Current model selection practices

We examined current practices applied by the community by sampling 300 phylogenetic studies that used jModelTest33,34 for model selection during 2017–2018 (the data are available in Supplementary Data 1). This survey revealed that the criterion of choice is quite arbitrary: 41%, 21%, and 5% of the researchers opted to use the model selected by AIC, BIC, and AICc, respectively, while DT was used in a single study only. Notably, 36% of the studies did not specify the used criterion, and 4% declared that the same model was selected by more than one criterion. Thus, despite the wide-use of model selection procedures in phylogenetic studies, it seems that either the criterion used is not regarded as a crucial consideration, or that a thorough research to guide the community on the merits of the criteria is still—surprisingly—missing.

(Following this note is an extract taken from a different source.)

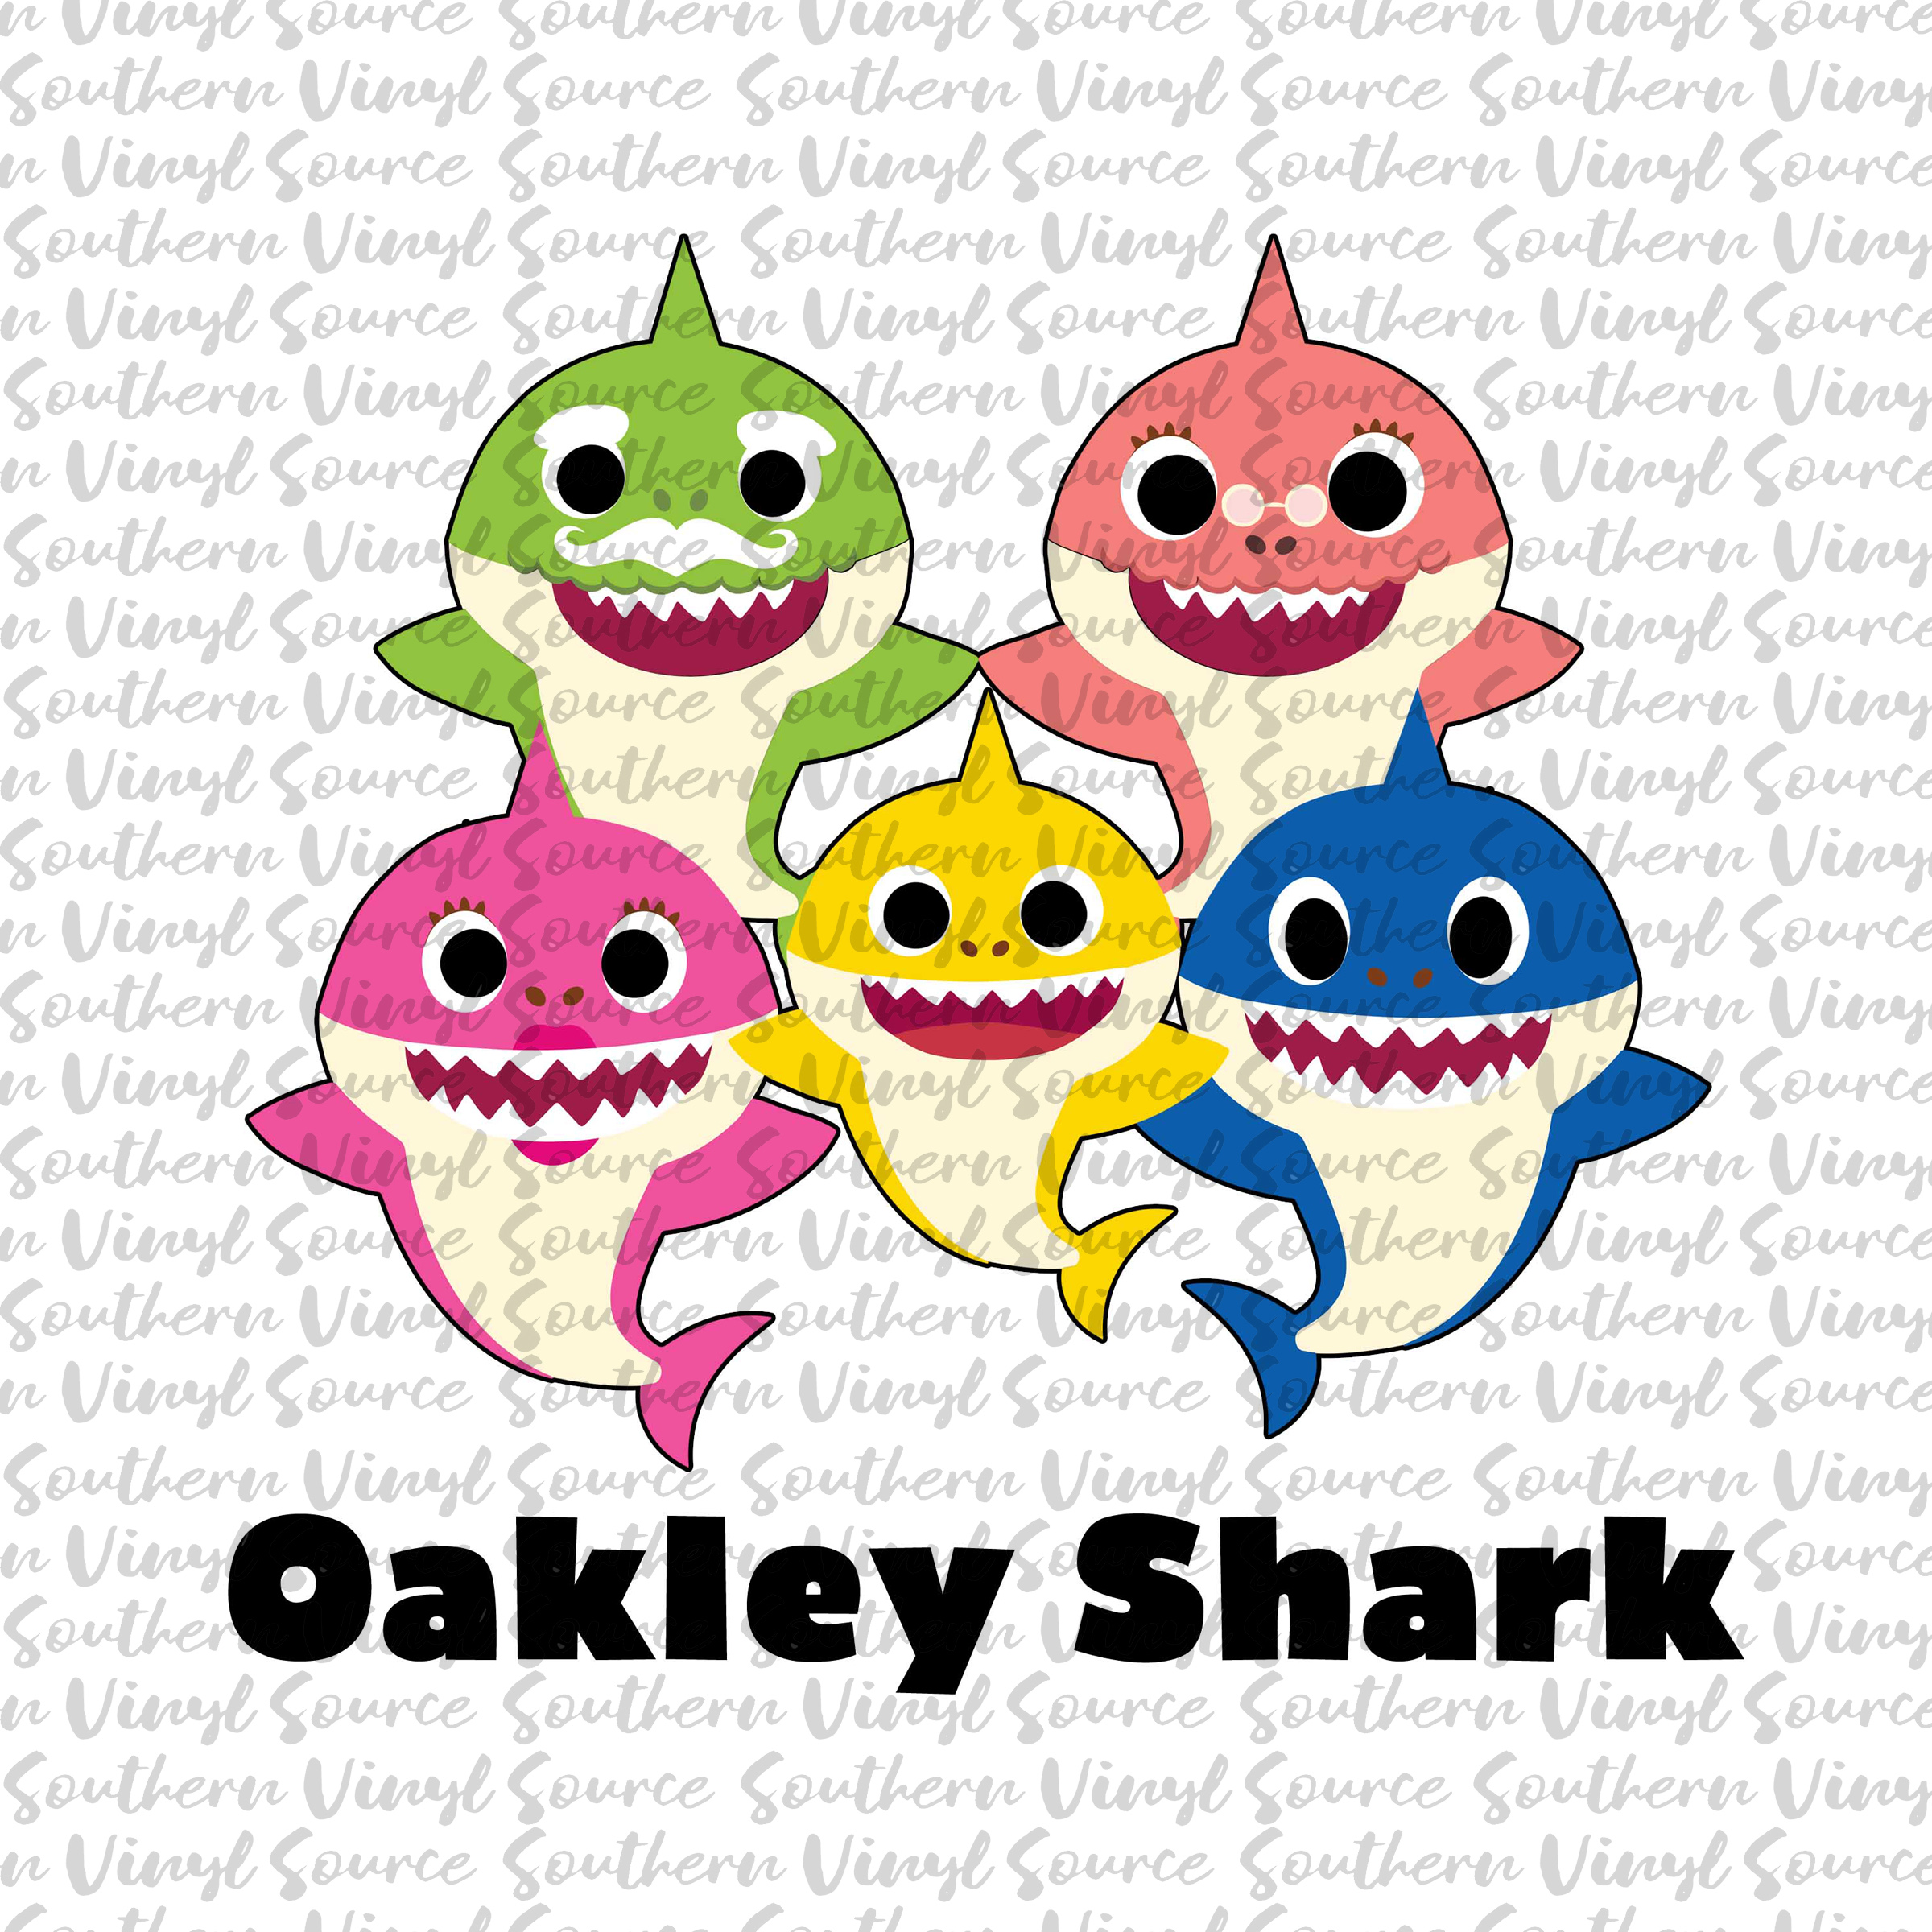 0150 Personalized Baby Shark Family Sublimation Print Southern Vinyl Source
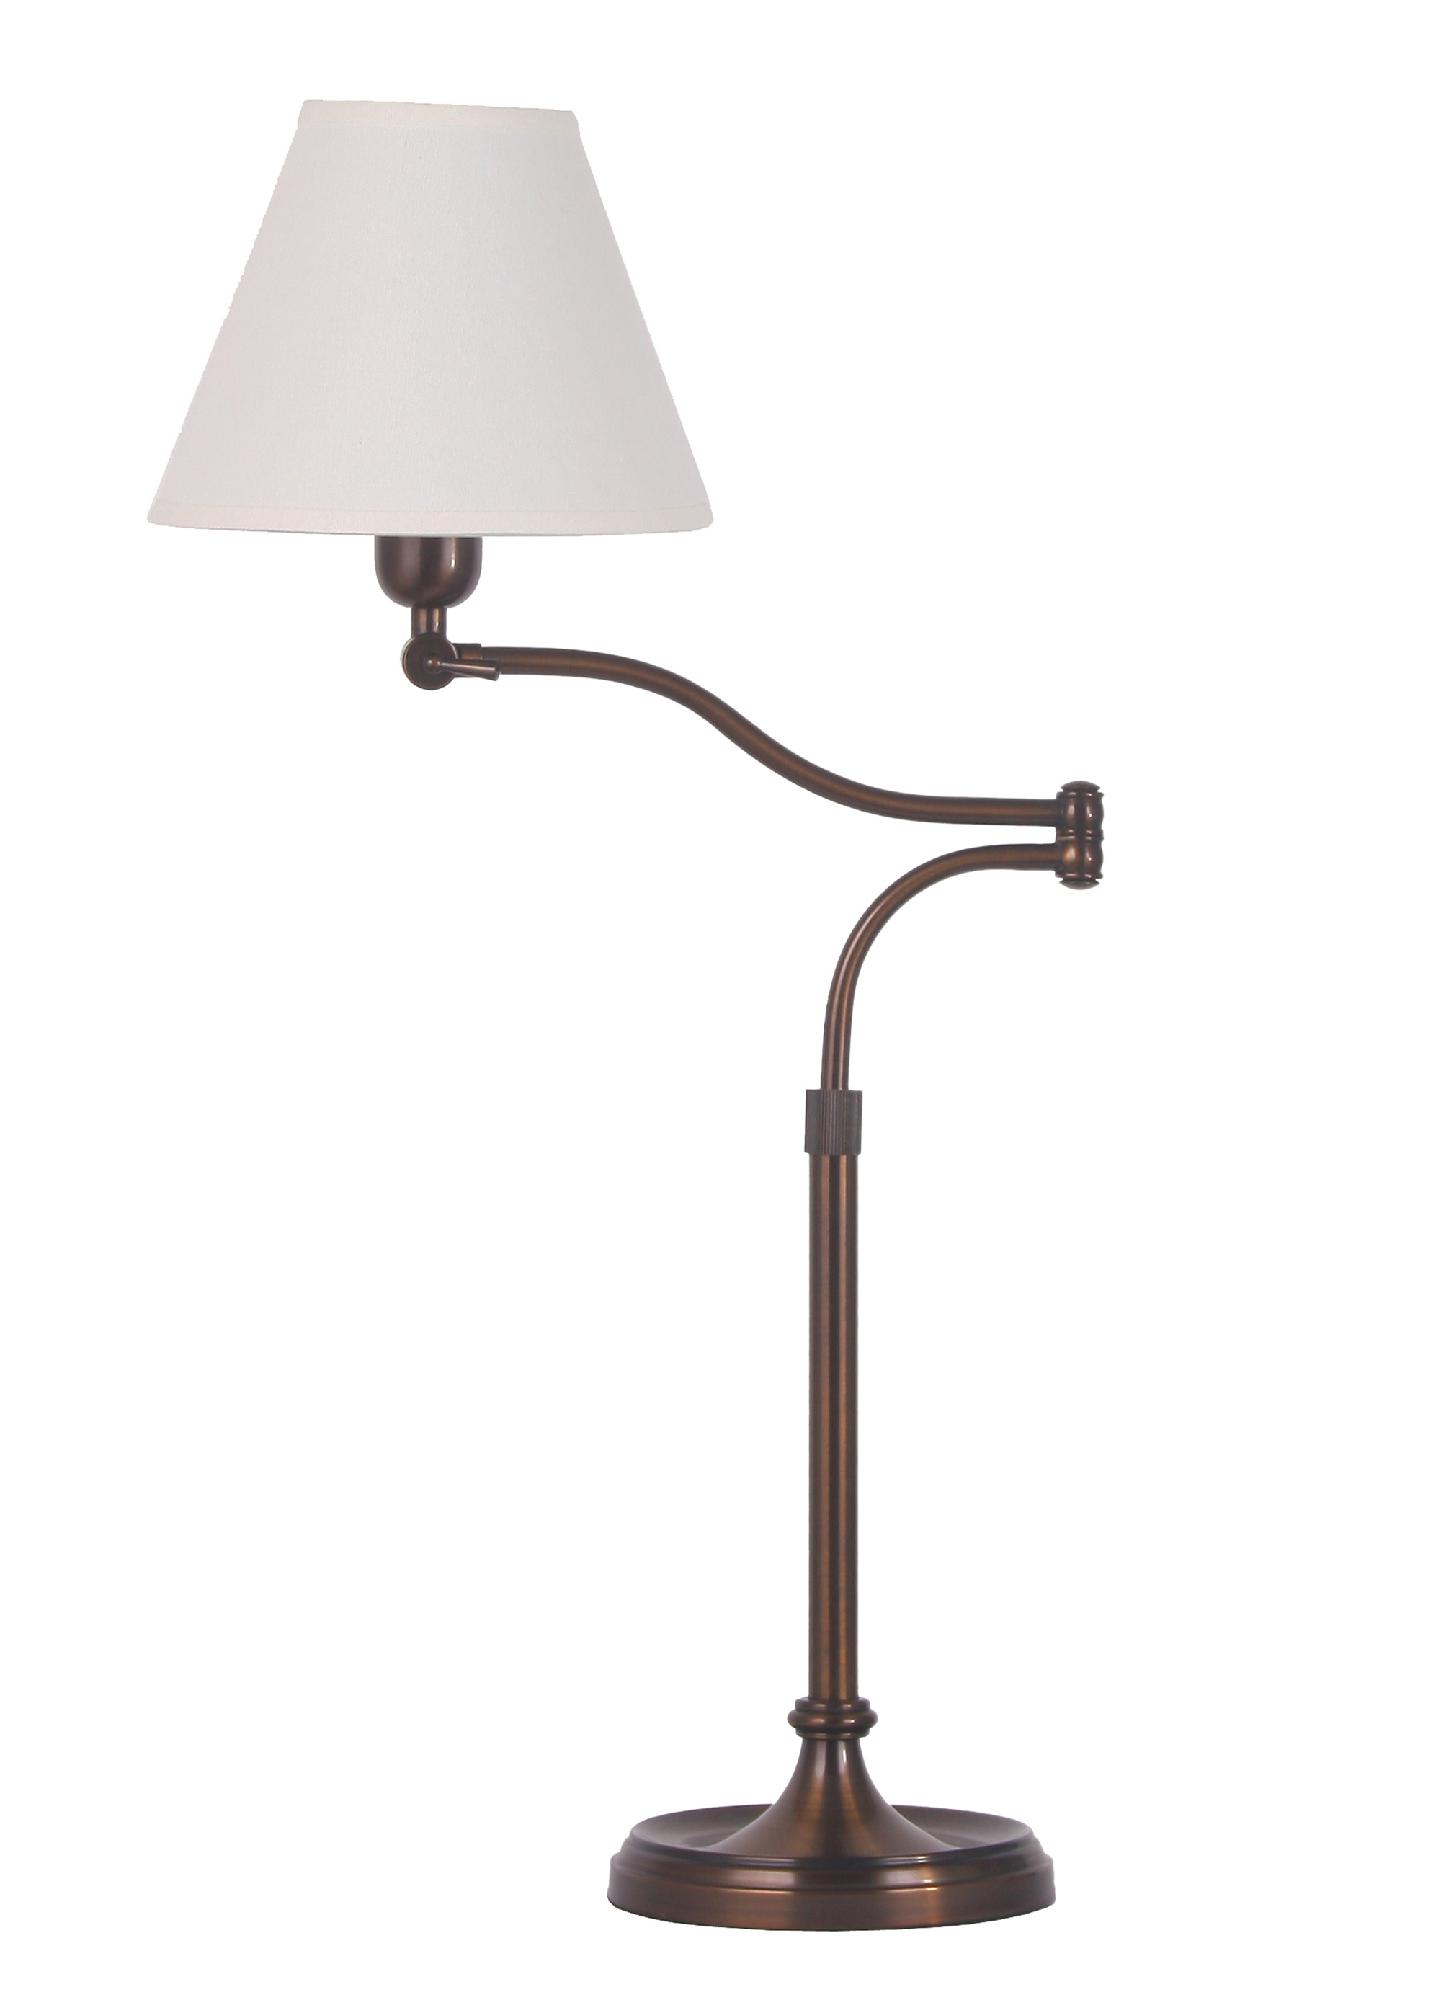 28-33" Adjustable Metal Swing Arm Table Lamp with English Bronze Finish.

Effect of model selection on phylogeny reconstruction tasks

We sought to understand the relative merits of the various model selection criteria by comparing their performances on phylogeny reconstruction. The datasets that were used for this examination (referred to as simulation set c0) were simulated based on varied realistic data conditions, derived from three empirical databases: PlantDB35, Selectome36, and PANDIT37 (7200 datasets altogether), each with one of 24 commonly used substitution models (see Methods). To assess the effect on the resulting tree, we reconstructed the corresponding tree using the selected model by each of the six criteria: AIC, AICc, BIC, DT, dLRT, and BF, and compared each selected tree (reconstructed with the selected model of each criterion) to the true tree (that was used to simulate the sequence data). First, when reconstruction of the true topology was examined, the six criteria performed similarly as they all selected models that correctly recovered the topology of the true tree in 50–51% of the datasets (Table 2, first column). Second, we investigated which criterion tended toward models that yielded topologies with the minimal distances from the true trees by computing the Robinson-Foulds (RF) distance38. Then, we ranked the criteria from lowest distance (rank 1) to the largest. Our results demonstrated that all criteria performed very similarly (p-value > 0.05 for all pairs of criteria; pairwise Wilcoxon signed rank tests adjusted for ties with the Bonferroni correction for multiple testing). In fact, the averages of the criteria ranking across all datasets were highly similar (Table 3, first column). Furthermore, each pair of criteria agreed on the topologies of more than 83% of the 7200 datasets (Fig. 1a). These results suggest that the choice of the model selection criterion has marginal impact on the resulting tree topology. Third, we analyzed the accuracy of the inferred branch lengths of the reconstructed trees by measuring their distances from the true trees using the branch score (BS) distance39, and ranked them in a similar manner as for the topological distances. Evidently, the averages across the rankings of all datasets were similar for all criteria (Table 4; first column). Still, the ranks of BIC and DT were statistically significantly lower (i.e., more accurate) than AIC and BF (p-value < 0.05; pairwise Wilcoxon signed rank tests).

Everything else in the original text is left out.